IBM researchers have recently reported a method that enables the hijack of live voice calls using generative AI tools. This mechanism could potentially be used by hackers to mimic individuals' voices and manipulate live conversations, raising concerns about its potential to access sensitive information and its use for fraud.
Audio hijacking involves the manipulation of ongoing conversations between people using cloned voices of the participants to deceive them. This can be accomplished through various methods, including malware on victims' phones.
The process of audio hijacking is intricate, often necessitating advanced social engineering skills. IBM's researchers demonstrated this threat through a proof-of-concept (PoC) scenario where a program acts as a man-in-the-middle, intercepting a live conversation. Indeed, attackers can then monitor these conversations, transcribing them in real-time from speech to text. Utilising large language models (LLMs), they can understand the context of the conversation and decide when and how to alter the dialogue. For example, upon detecting mention of sensitive financial information, the LLM can instruct the program to modify the sentence accordingly. The altered content is then converted back into speech using text-to-speech technology, complete with cloned voices, and inserted back into the conversation, seamlessly altering the audio in real-time.
The researchers' PoC showcased the potential for altering sensitive information, such as bank account details or medical records, posing significant risks to individuals' privacy and security.

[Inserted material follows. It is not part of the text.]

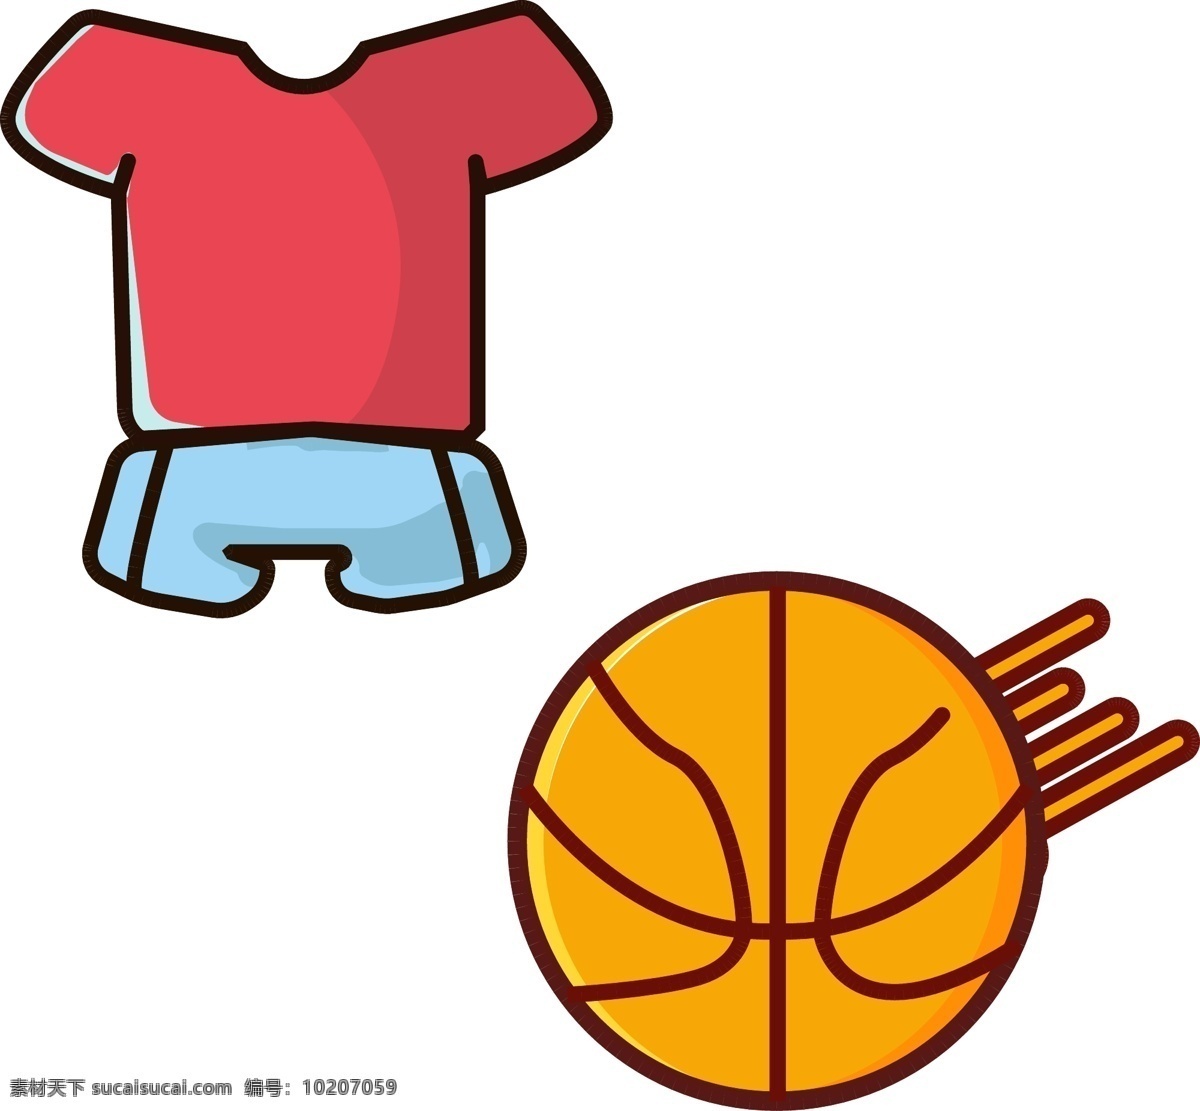 meb 可爱 卡通 篮球 球衣 ai素材

It also illustrated just how easily such attacks could be orchestrated with current technology, emphasising the need for vigilance and advanced protective measures.
These two facts added together do not work in favour of presenting AI as a trustworthy technology for the general public as it poses significant challenges to cybersecurity defences and highlights the need for urgent solutions. Indeed, the development of advanced security measures to protect against the manipulation of audio and video content in real time is urgent. The potential of audio hijacking to harm is a dangerous issue we will have to face and overcome but it also confirms the broader implications of AI for trust and security in the digital age.
The research into audio hijacking by IBM shows a critical vulnerability in our increasingly interconnected world. It poses obvious risks to personal security, financial transactions, and maybe even national security matters.